This is not to say that inflation cannot be a fundamental input for gold.  It has often been a major input.  But on this cycle the inflation is not manifesting in rising prices, at least not in relation to the stock market, investment in which can be seen as a ‘hedge’ against price inflation bubbling up in certain services sectors of the economy.

The commodity bubble is all done.  The inflation, with the aid of a persistent and powerful global deflationary force, is working in a ‘Goldilocks’ manner and flowing into risk ‘ON’ speculation in paper of all kinds and in some hard assets, just not the kinds that traditional commodity and resources gurus had foreseen.  Mainly, the public is doing just fine buying and selling appreciating homes.  Who needs several tons of Copper sitting in the garage?

Anyway, back to Barry Ritholtz…

“Gold is bought and sold based on a narrative that has turned out to be patently untrue”

Agreed; the majority of gold bugs have believed the wrong narrative.  It was wrong in 2008 and it was wrong again in 2011, and you are using an incorrect narrative as the foundation of your stance in these mainstream media articles that are so cartoonish even the public can understand it.
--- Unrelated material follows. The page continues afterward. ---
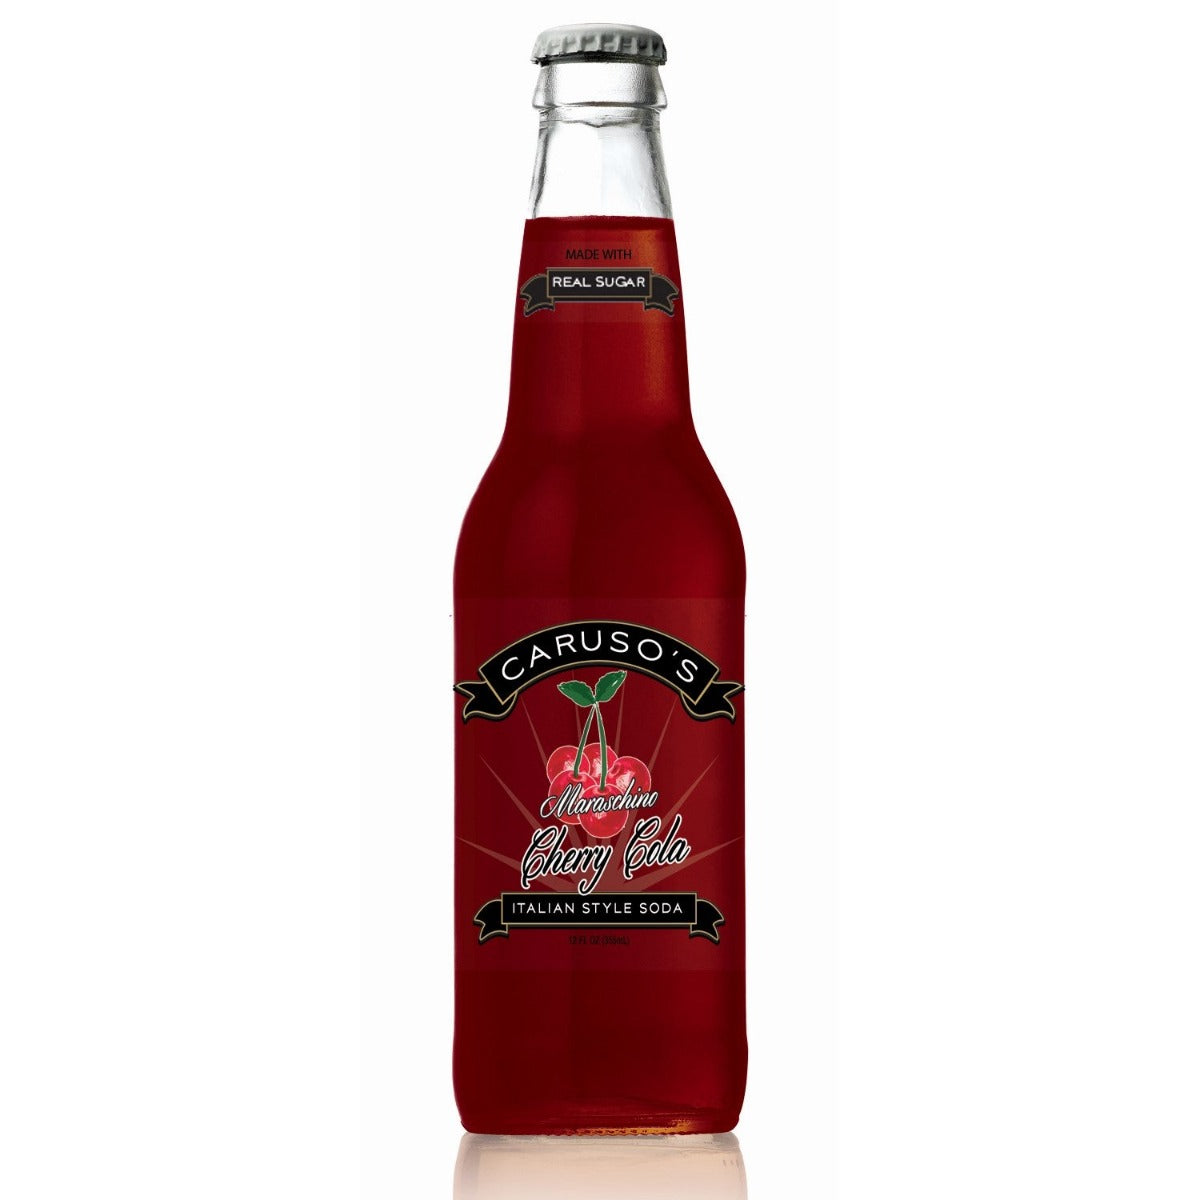 12oz bottle of Caruso's Maraschino Cherry Cola

“the global financial system has stabilized, undercutting the appeal of gold as a hedge against catastrophe”

Again, agreed.  The system has stabilized but how many times do we have to review this chart before we can all agree that it has taken extraordinary (and incredibly, ongoing) measures with the implication being that neither you Barry, nor I, know how the fallout is going to go based on embedded distortions that no one can fully understand?  You call gold a “hedge against catastrophe”.  I have never called it that because I don’t see it that way.  I have always called it monetary value (which can fluctuate depending on market sentiment) and insurance.  Period.


“The wild inflation and collapse of the U.S. dollar that was going to lead to the demise of civilization and make gold an essential for investors? None of that has happened.”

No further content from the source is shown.